_WORK TO COMPLETE_
Copying rule for the data below: pictures stay out, and only the lines from the one with "Influence of early" down to the one with "Hoover carpet cleaner", inclusive, are repeated exactly.

_EXTRACTED ENTRIES_
[Start of Attachment]

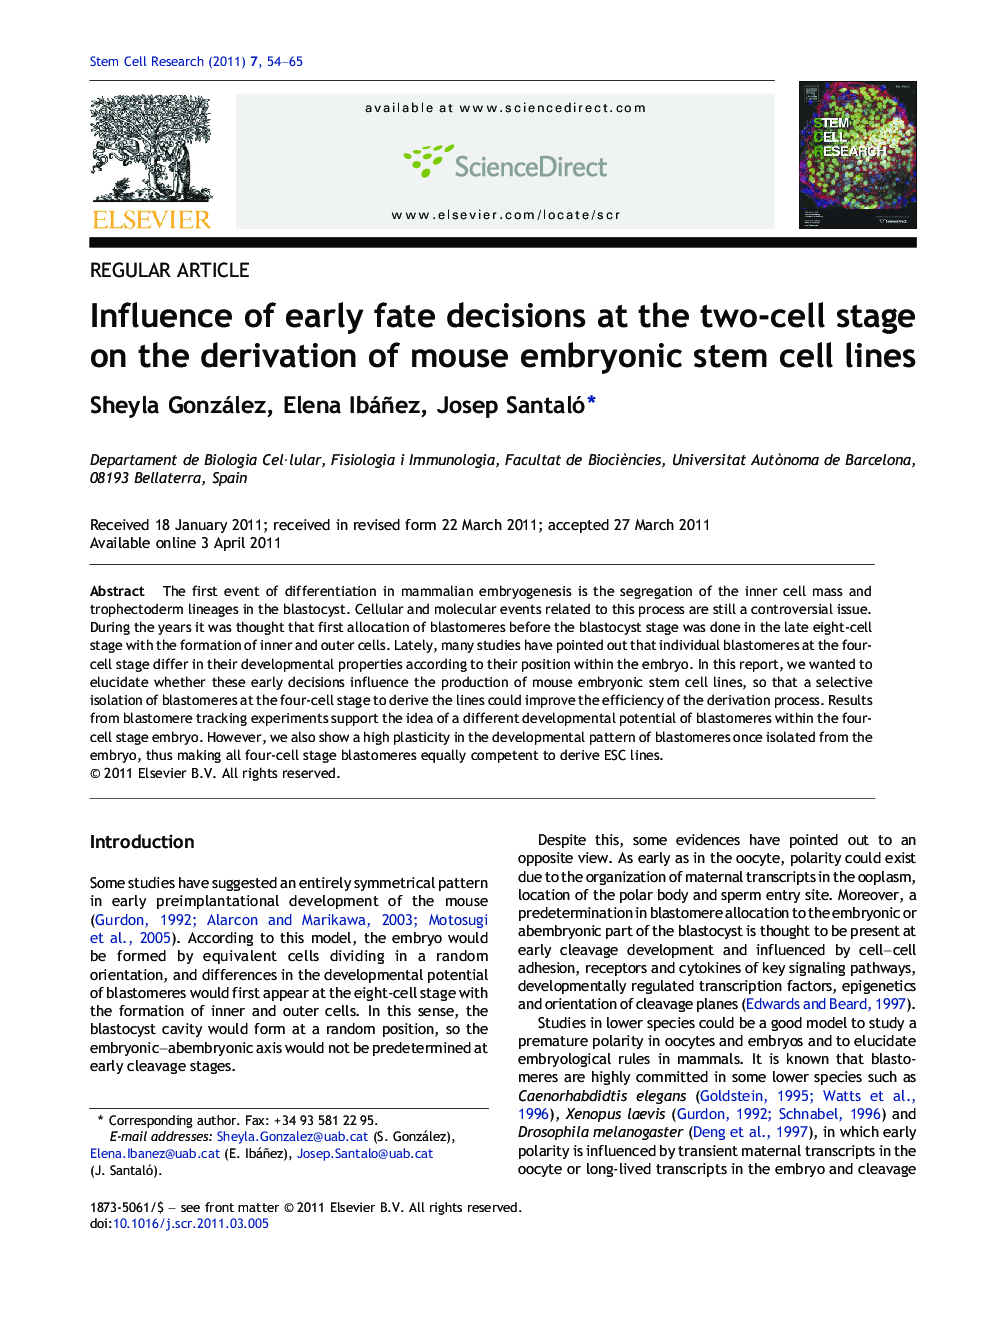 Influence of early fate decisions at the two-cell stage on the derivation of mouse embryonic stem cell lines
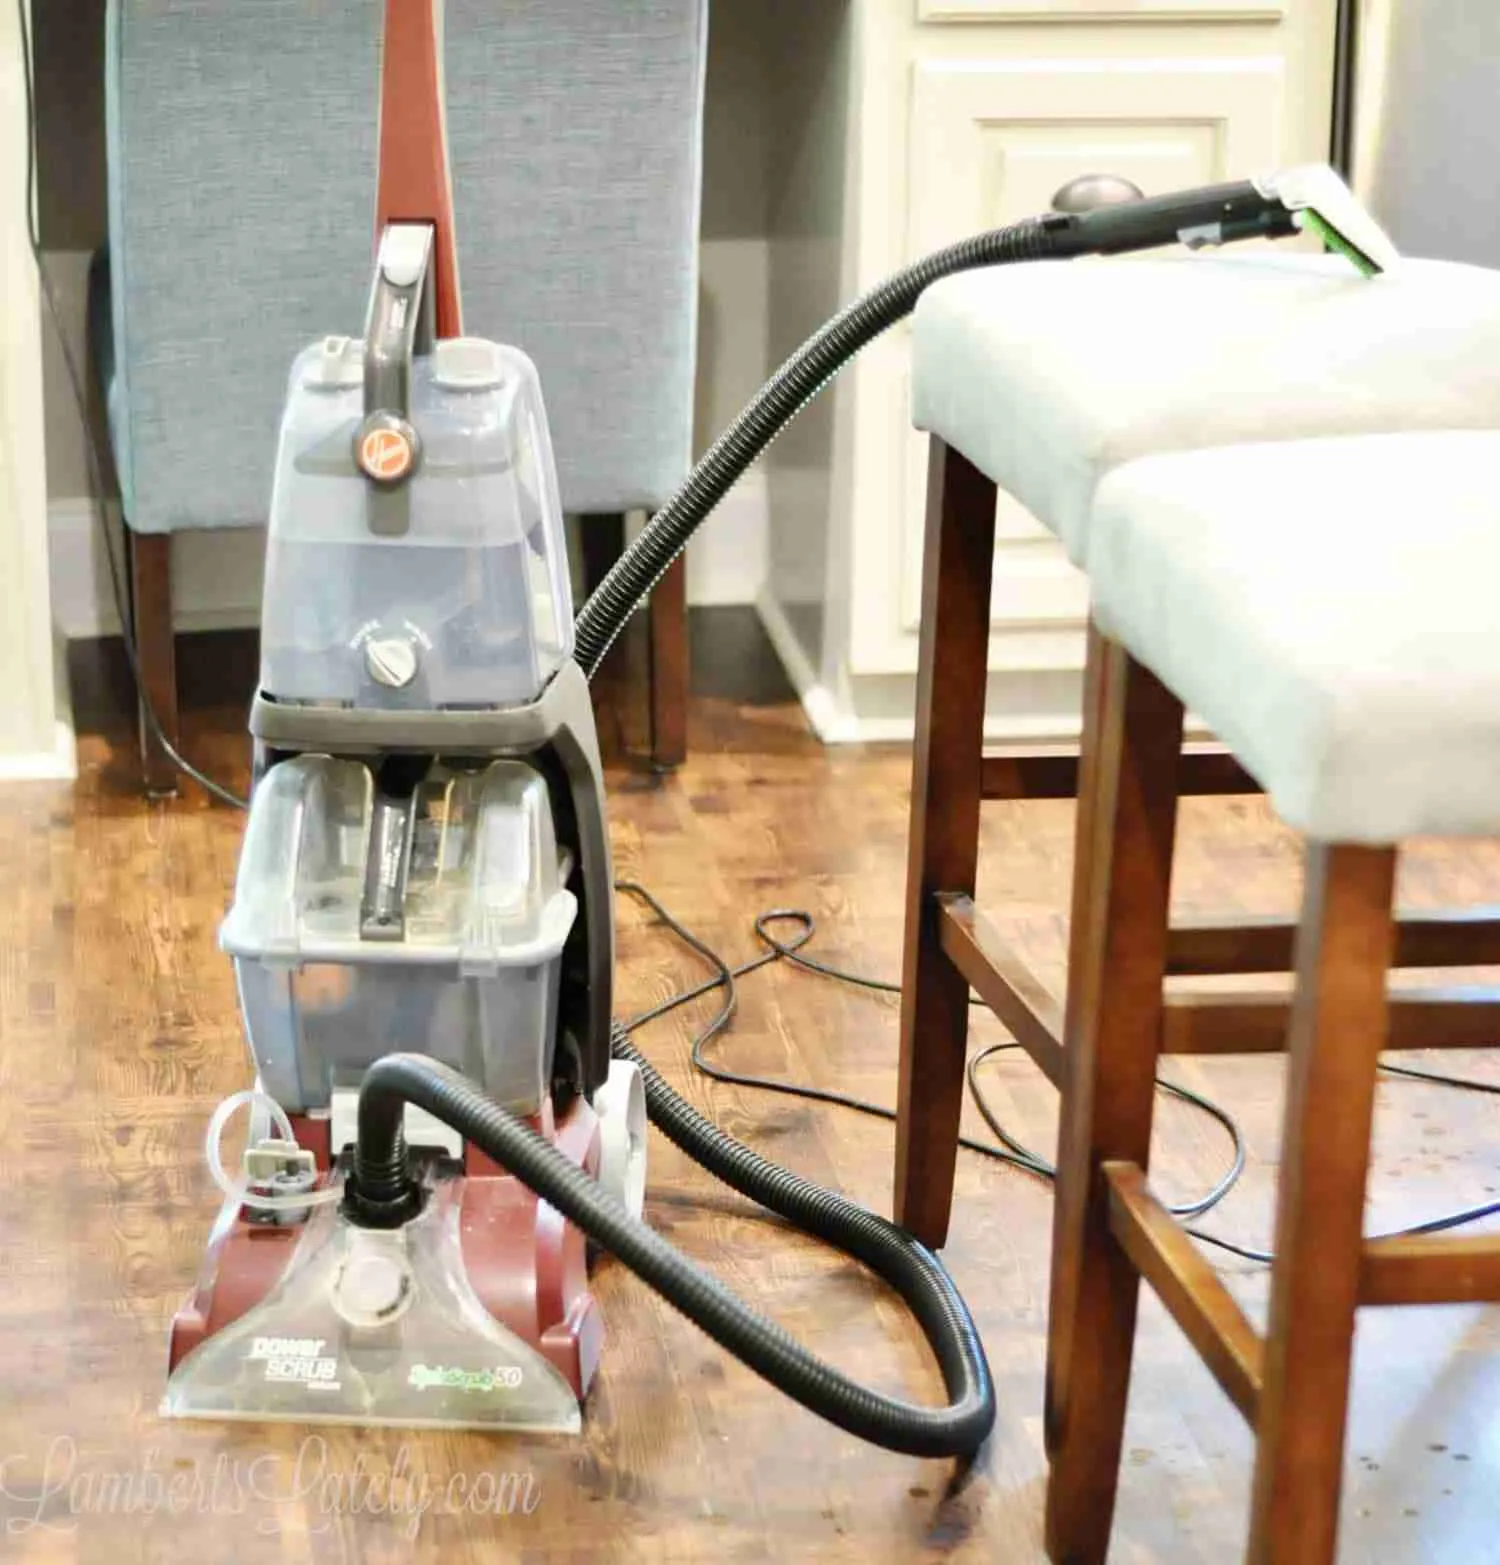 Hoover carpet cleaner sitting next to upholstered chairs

[End of Attachment]
[Start of Attachment]

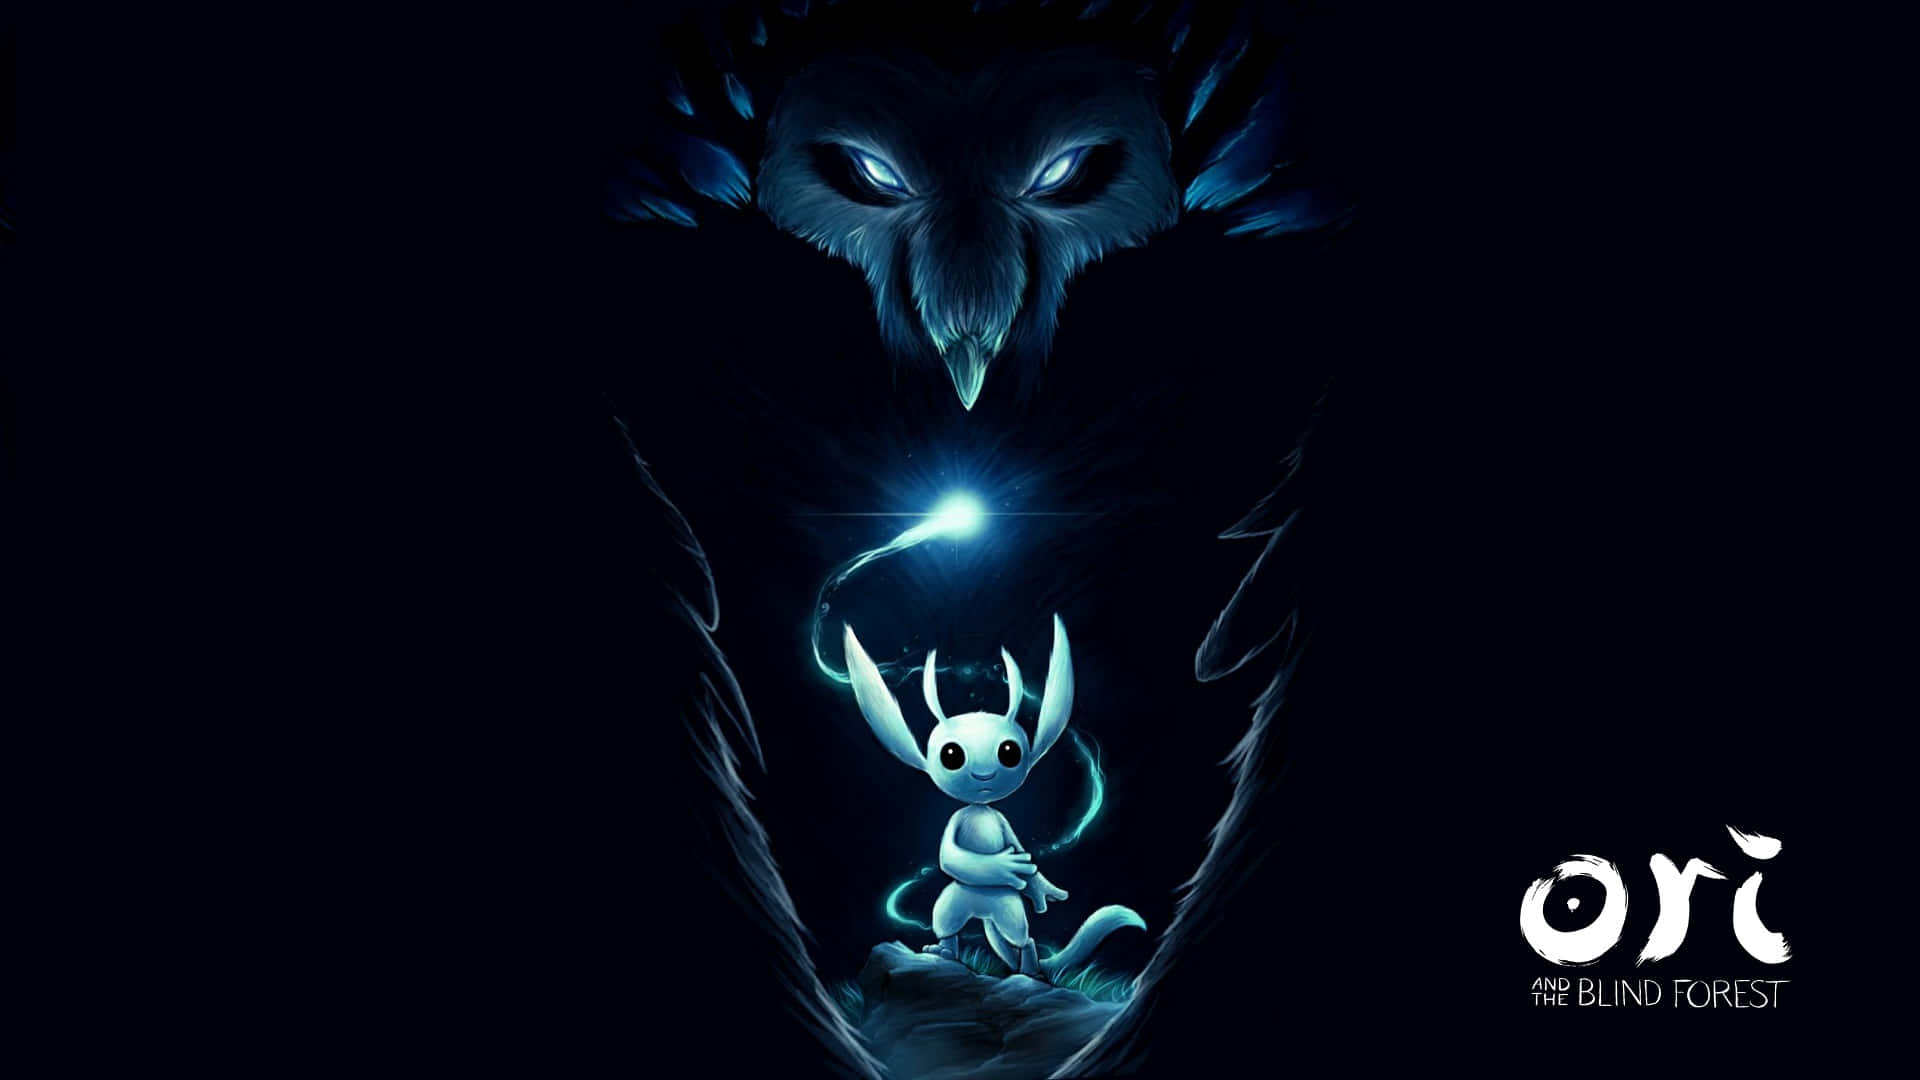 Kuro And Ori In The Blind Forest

[End of Attachment]
[Start of Attachment]

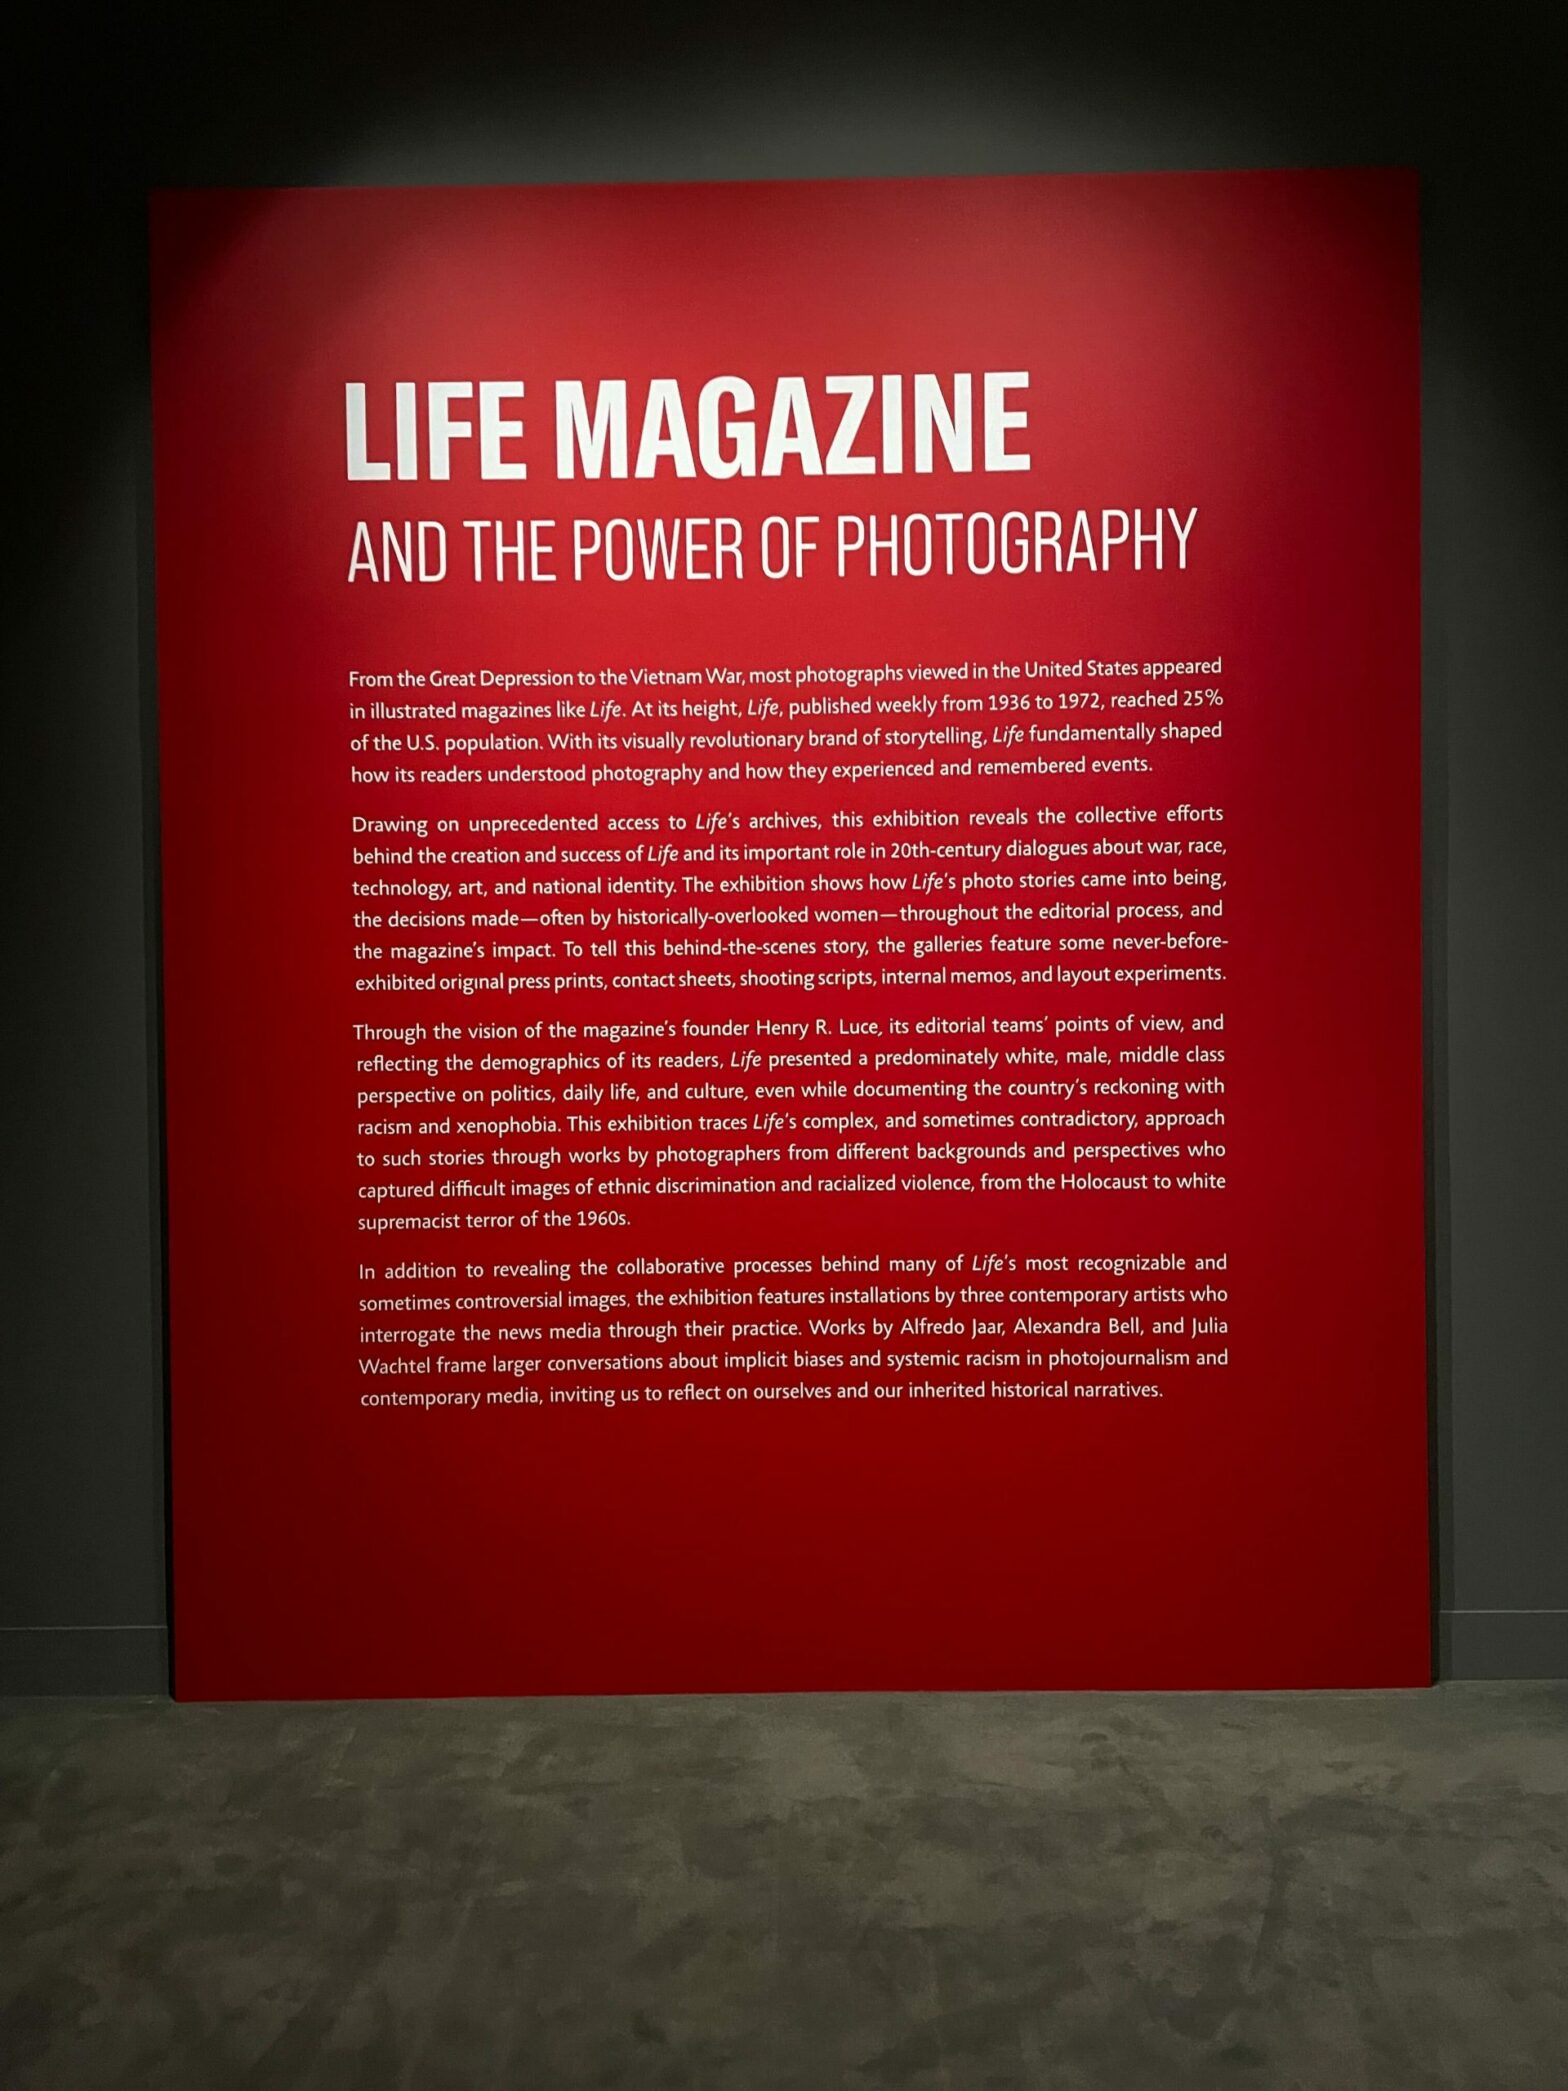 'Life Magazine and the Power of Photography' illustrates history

[End of Attachment]

_EXPECTED ANSWER_
 Influence of early fate decisions at the two-cell stage on the derivation of mouse embryonic stem cell lines
 Hoover carpet cleaner sitting next to upholstered chairs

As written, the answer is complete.